To answer your question, in AOSP the officially supported kernels
already have the flags alignment change merged, and a not supported
backporting to older kernels (i.e., 4.14 and 4.19) is already available:

https://android-review.googlesource.com/q/%2522BACKPORT:+fs:+align+IOCB_*+flags+with+RWF_*+flags%2522+-status:abandoned

Thanks,
Alessio
Amir Goldstein Nov. 18, 2021, 6:31 p.m. UTC | #4
On Mon, Jan 25, 2021 at 5:31 PM Alessio Balsini <balsini@android.com> wrote:
>
> This is the 12th version of the series, rebased on top of v5.11-rc5.

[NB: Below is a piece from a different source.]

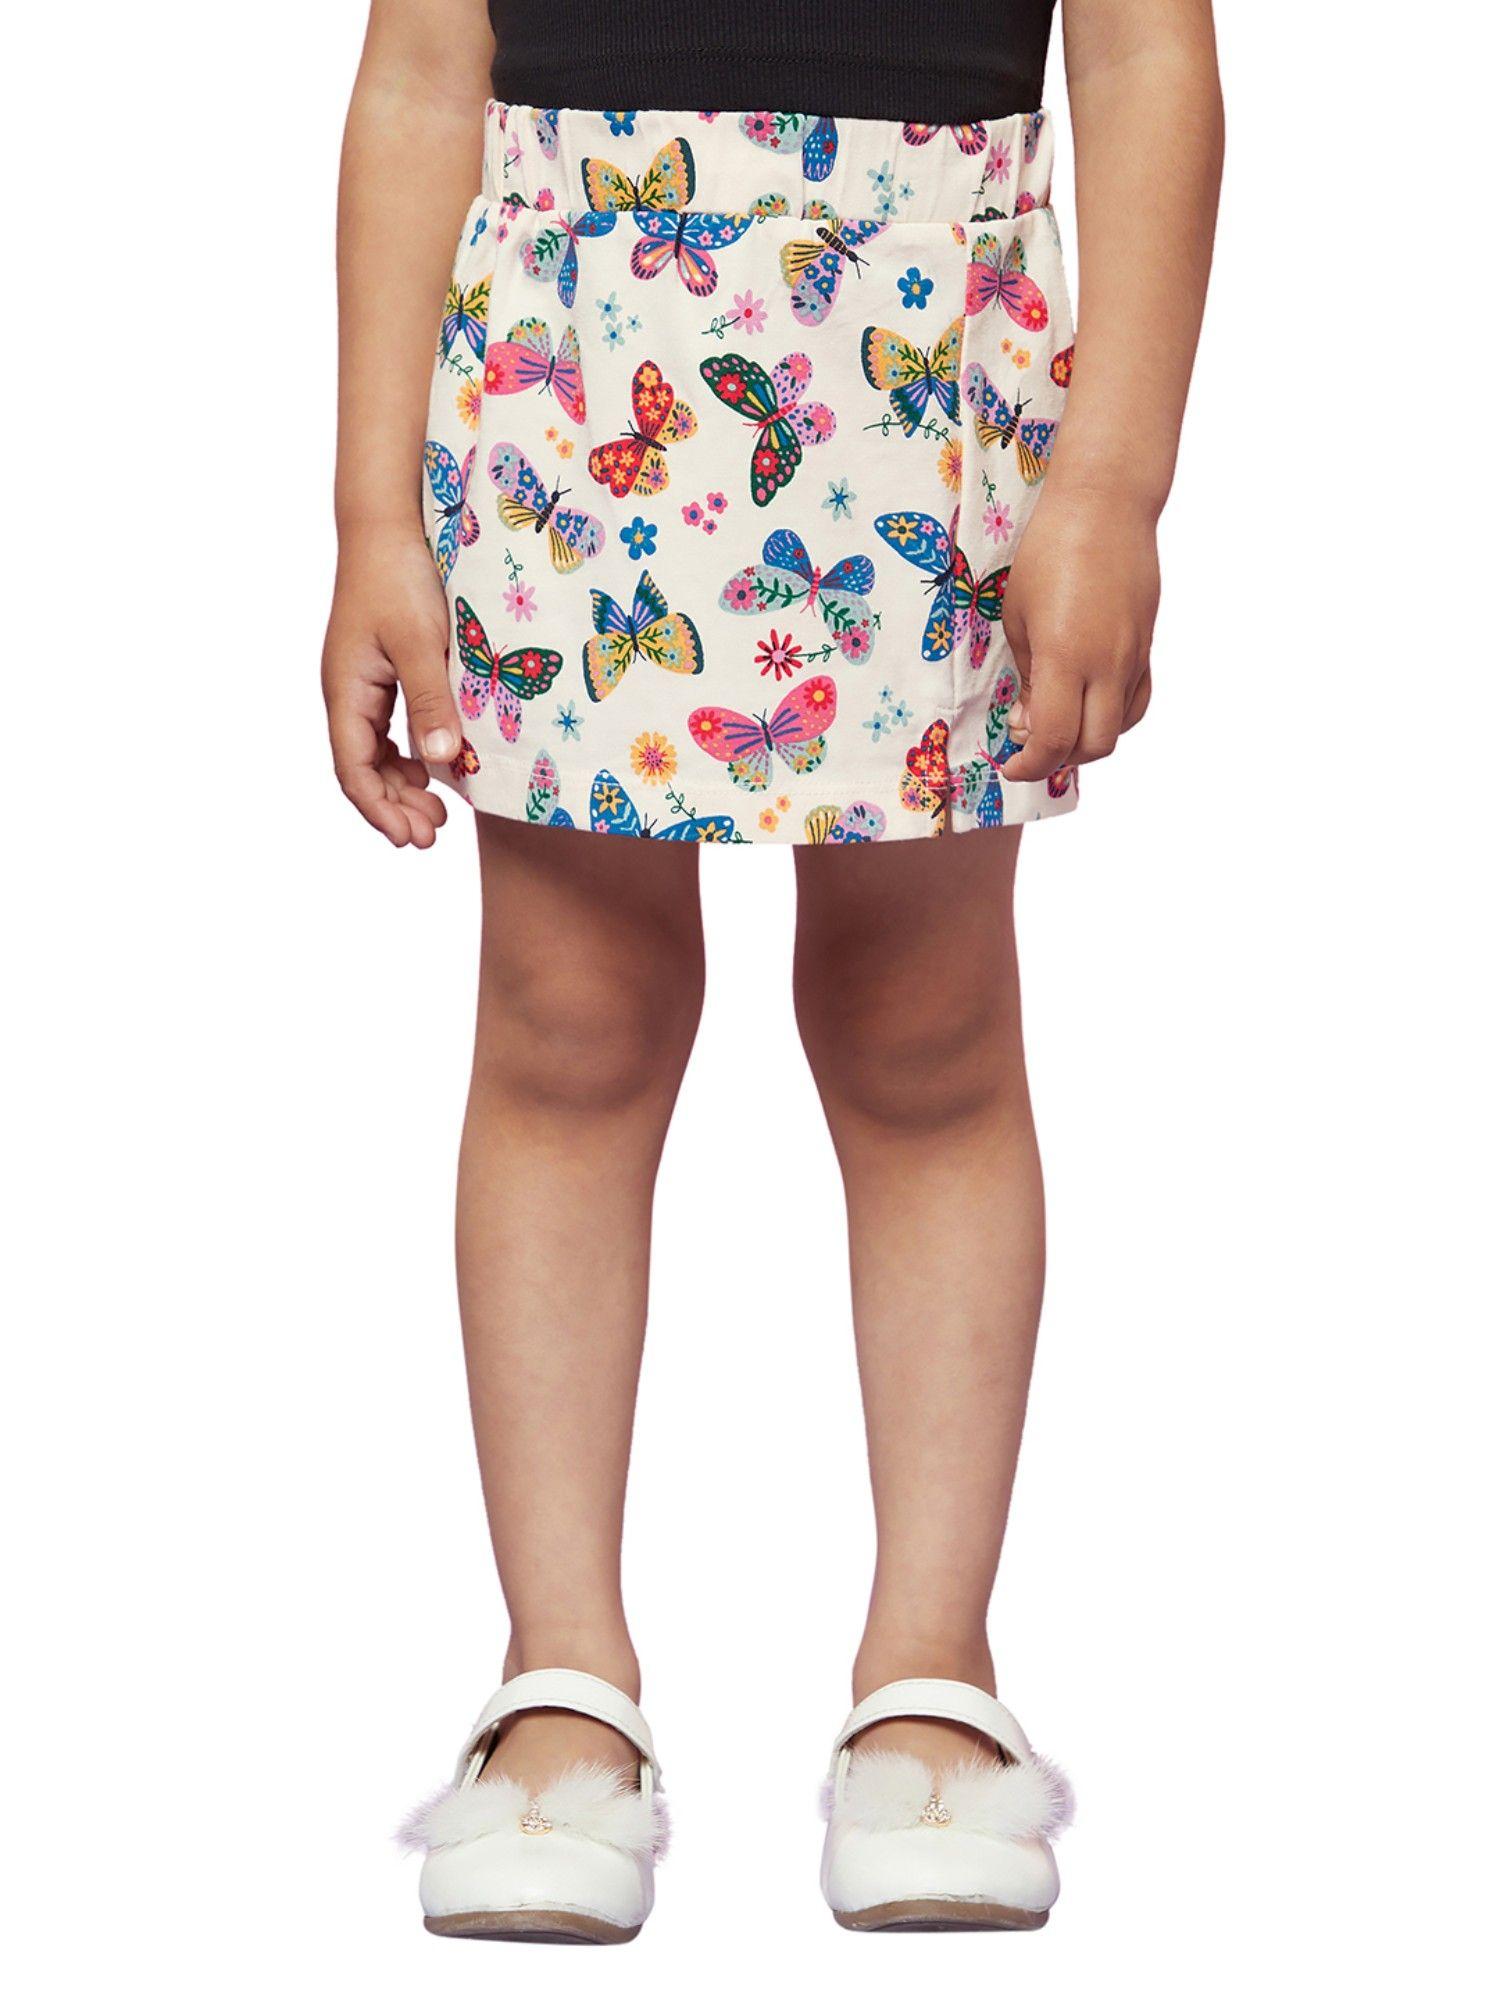 kid-girl-skirt-new-print-mc

> Please find the changelog at the bottom of this cover letter.
>
> Add support for file system passthrough read/write of files when enabled
> in userspace through the option FUSE_PASSTHROUGH.
>
> There are file systems based on FUSE that are intended to enforce
> special policies or trigger complicated decision makings at the file
> operations level. Android, for example, uses FUSE to enforce
> fine-grained access policies that also depend on the file contents.
> Sometimes it happens that at open or create time a file is identified as
> not requiring additional checks for consequent reads/writes, thus FUSE
> would simply act as a passive bridge between the process accessing the
> FUSE file system and the lower file system. Splicing and caching help
> reduce the FUSE overhead, but there are still read/write operations
> forwarded to the userspace FUSE daemon that could be avoided.
>
> This series has been inspired by the original patches from Nikhilesh
> Reddy, the idea and code of which has been elaborated and improved
> thanks to the community support.
>
> When the FUSE_PASSTHROUGH capability is enabled, the FUSE daemon may
> decide while handling the open/create operations, if the given file can
> be accessed in passthrough mode. This means that all the further read
> and write operations would be forwarded by the kernel directly to the
> lower file system using the VFS layer rather than to the FUSE daemon.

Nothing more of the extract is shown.